関数「softmax」は入力された値にSoftmax関数を適応する関数です。

引数としては「x()」があります。
これは重み付き入力値の総和にバイアスを加算した値が入った1次元配列です。

今後、Softmax関数の機能と交差エントロピーの機能をまとめた「Softmax-with-Lossレイヤ」というものをクラスモジュールで実装していきます。
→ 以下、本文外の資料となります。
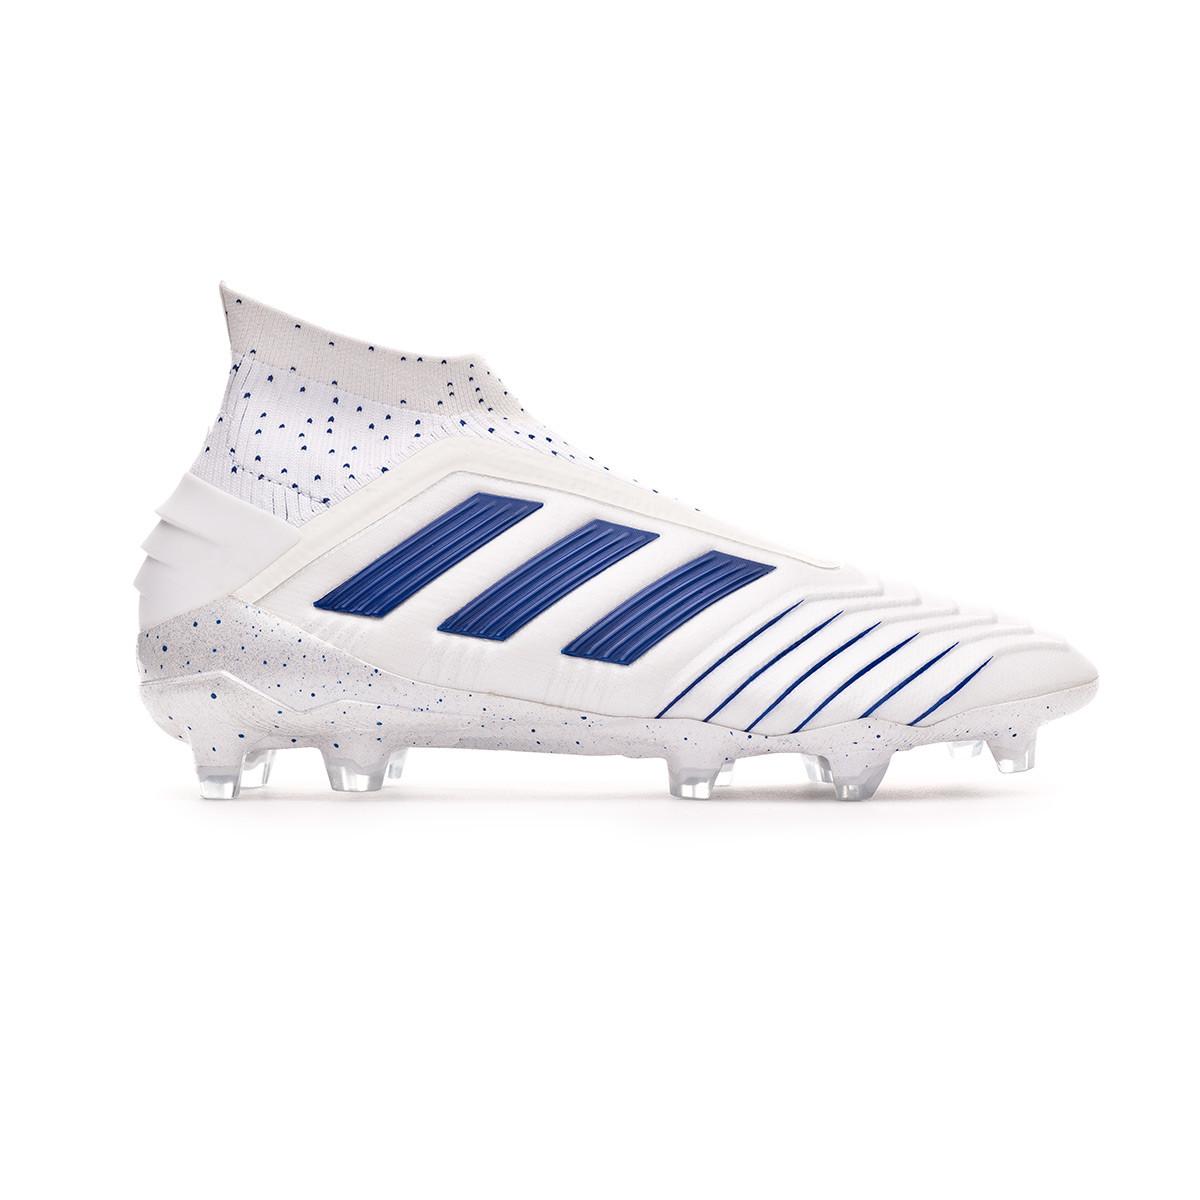 f52a9a900 Football Boots adidas Predator 19+ FG White-Bold blue - Nike Mercurial  Superfly | Shop Nike Soccer Cleats ypsoccer.com

そのレイヤ内でSoftmax関数を実装してもいいのですが、レイヤ内はできる限りシンプルな構造にしたいのでここでSoftmax関数の機能を作っておき、あとは呼び出すだけという状態にしておきます。

 

Function cross_entropy_error

関数「cross_entropy_error」は損失関数である交差エントロピー誤差を求めるための関数です。

引数としては「y()」と「t()」があります。
「y()」はSoftmax関数の最終出力の入った1次元配列、
「t()」は正解ラベル(one-hot表現)の入った1次元配列です。

この関数で最終的に出力されるのが、いわゆる「Loss値」です。
このLoss値が0に近いほど、重み/バイアスパラメータが適切な値になっていることを表します。
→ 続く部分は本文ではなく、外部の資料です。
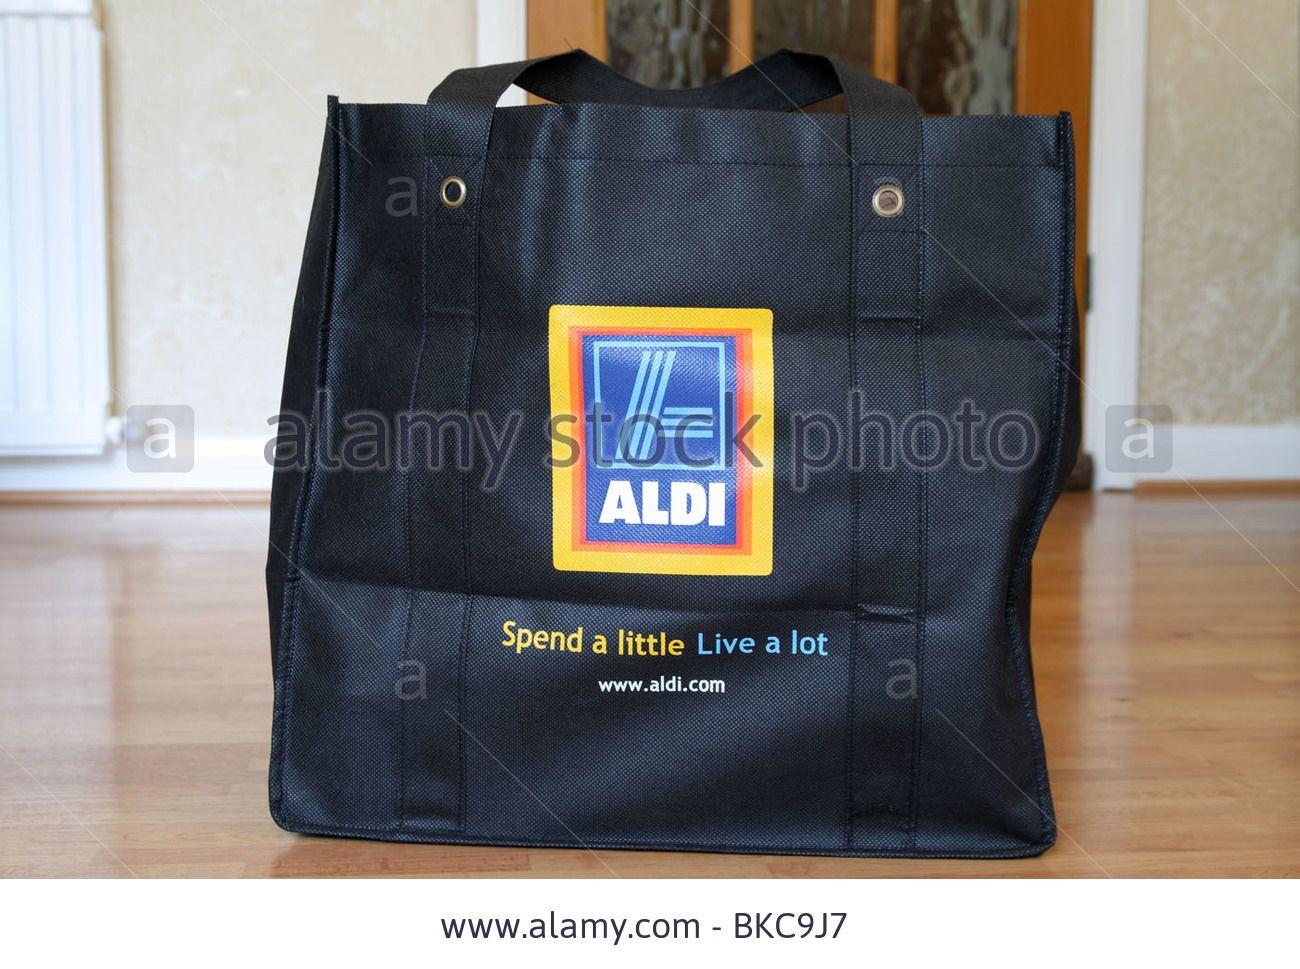 aldi shopping bag - Google Search

前項の関数「softmax」と同じく、今後実装していく「Softmax-with-Lossレイヤ」で機能を呼び出すだけの状態にしておくため、この「Functions」モジュールで実装しています。

 

Function one_hot_t

関数「one_hot_t」は入力された値を「one-hot表現」に変換して1次元配列として返します。

引数としては「t_size」と「label」があります。
「t_size」は返り値の1次元配列の要素数、「label」は「0~9」のいずれかの値です。
(MNIST学習の場合「0~9」の10種類あるので「t_size」は「10」で固定です)

「one-hot表現」とは1つの値が「1」でそれ以外の値が「0」で表現されたベクトル(ここでいう配列)のことを指します。

この関数では引数「label」(MNISTの正解ラベル)に応じて以下のように変換し、変換後の値を1次元配列として返します。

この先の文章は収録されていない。